* [RECORDS FOR THIS TASK]:
=== Begin Enclosure ===

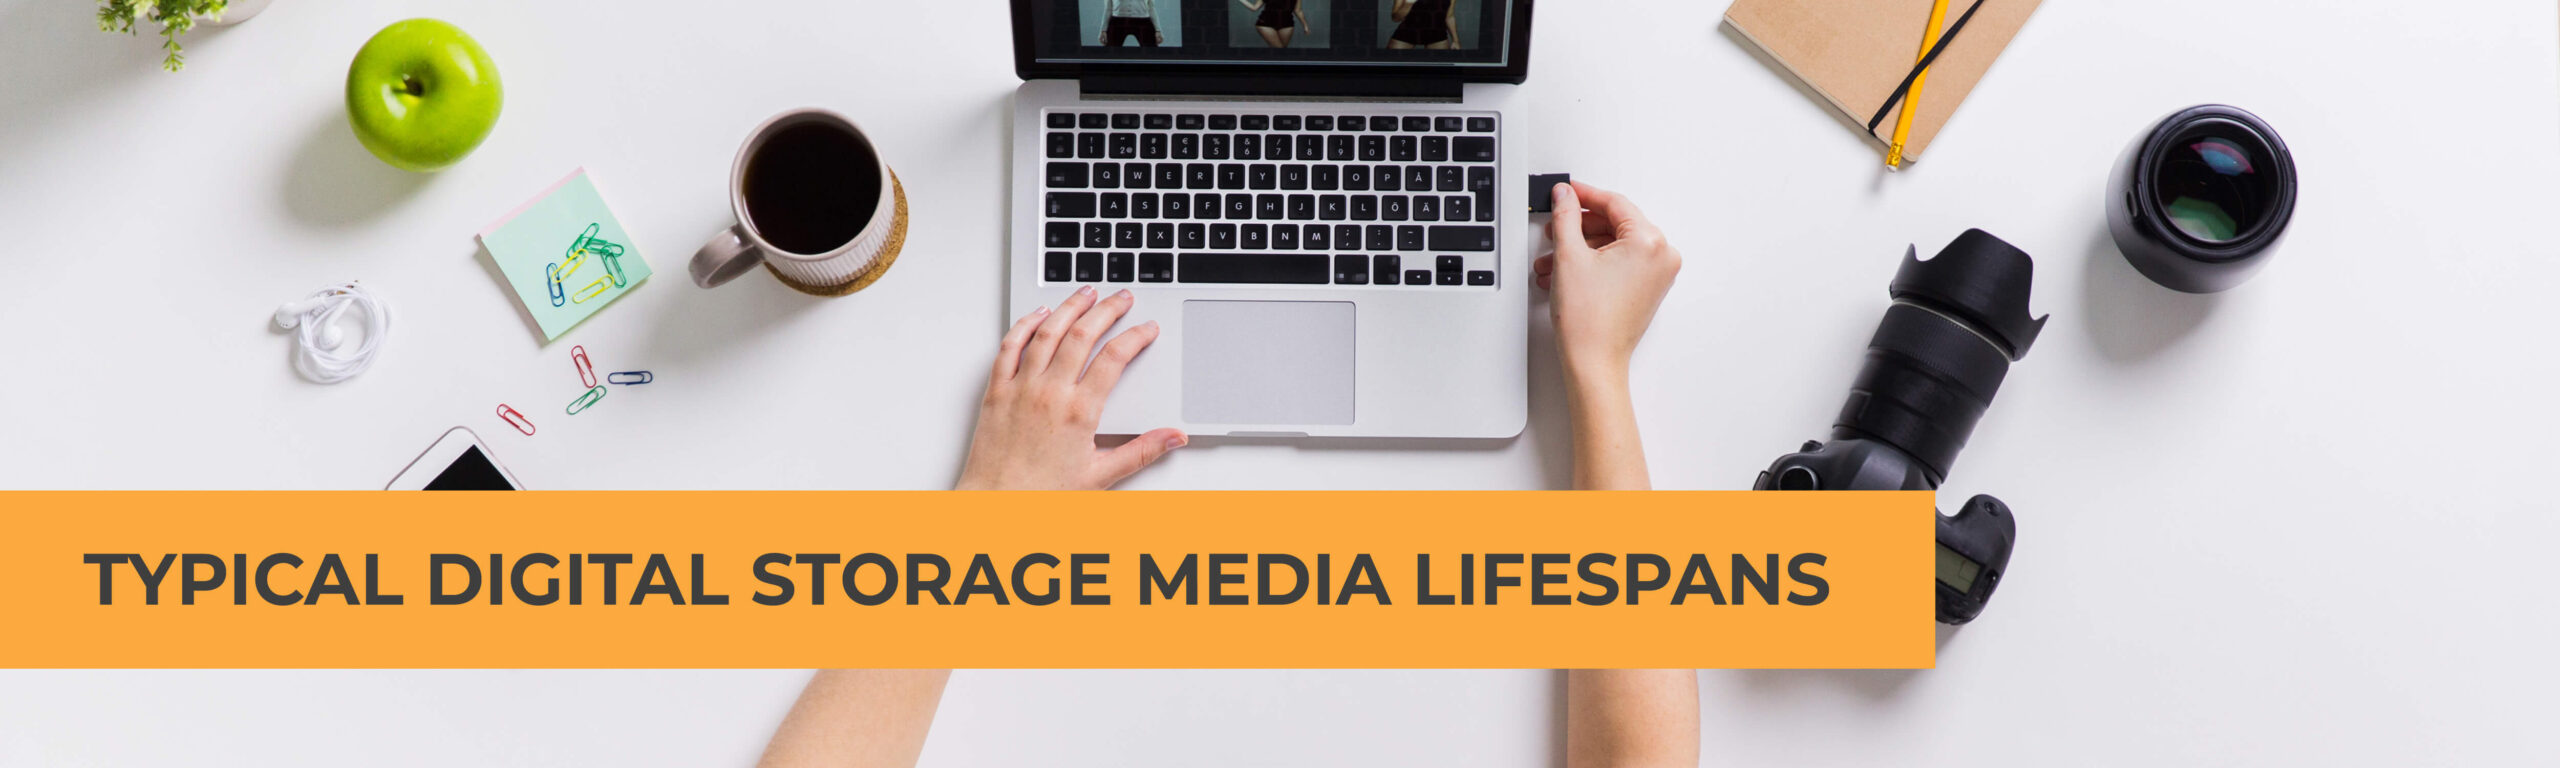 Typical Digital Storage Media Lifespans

=== End Enclosure ===
=== Begin Enclosure ===

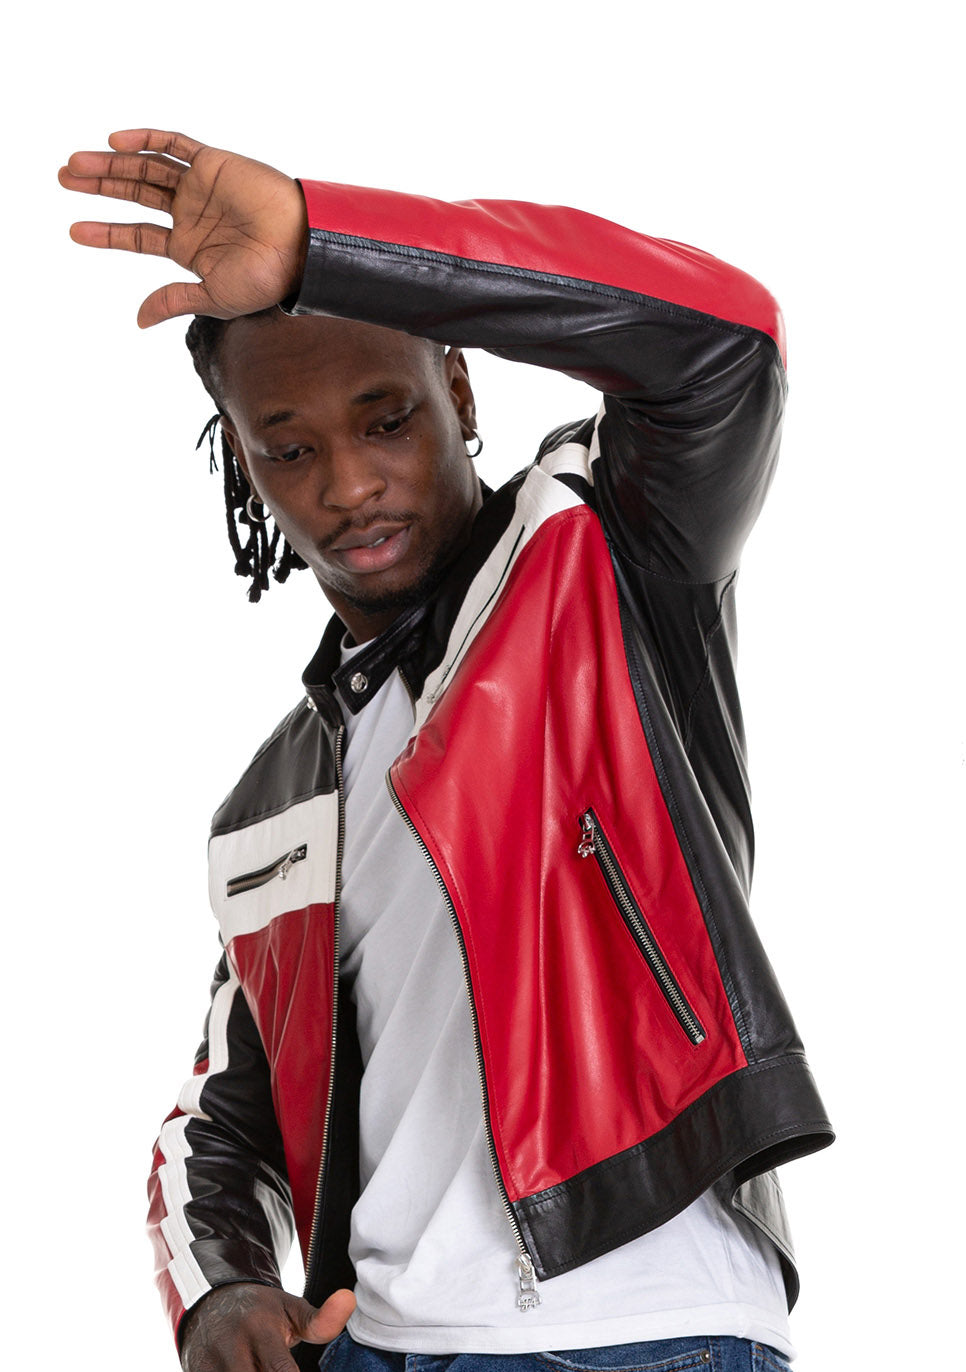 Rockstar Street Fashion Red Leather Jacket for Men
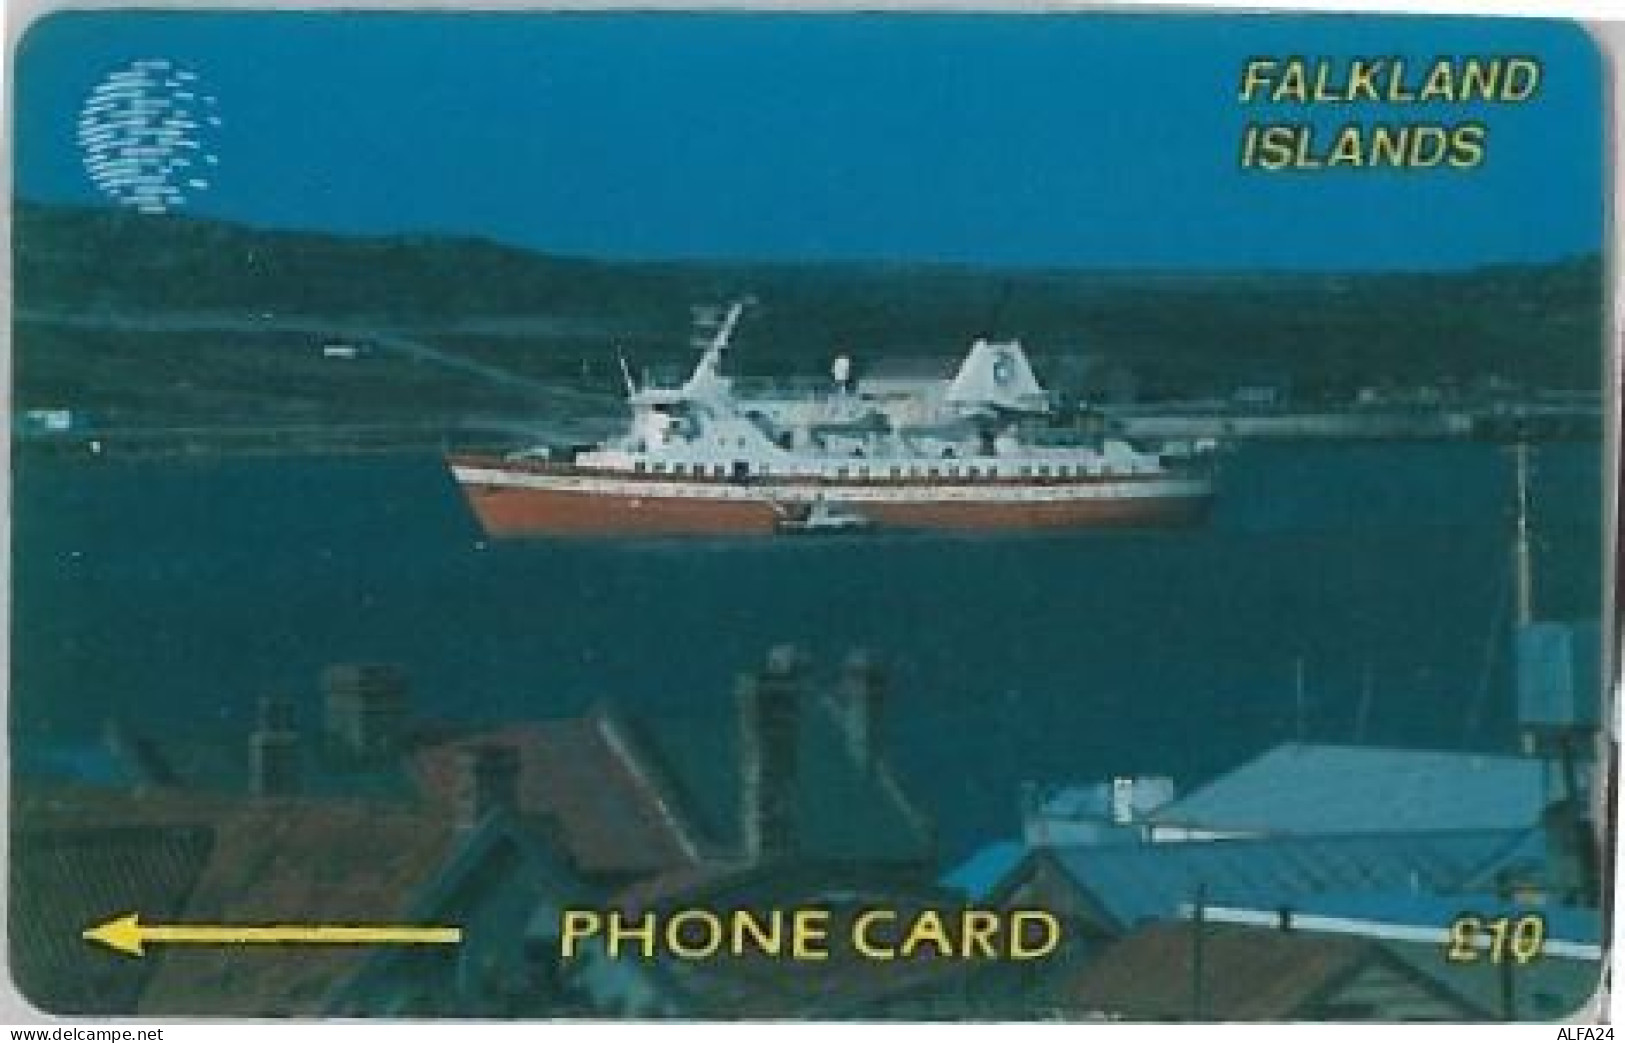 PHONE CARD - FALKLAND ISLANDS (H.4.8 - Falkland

=== End Enclosure ===

* [EXERCISE DETAILS]: Lines wanted from the entries above: the one with "Rockstar Street Fashion", the one with "PHONE CARD - FALKLAND", and all lines between. Please copy them exactly, without the pictures and without anything else.

* [ANSWER TO THIS TASK]:
 Rockstar Street Fashion Red Leather Jacket for Men
 PHONE CARD - FALKLAND ISLANDS (H.4.8 - Falkland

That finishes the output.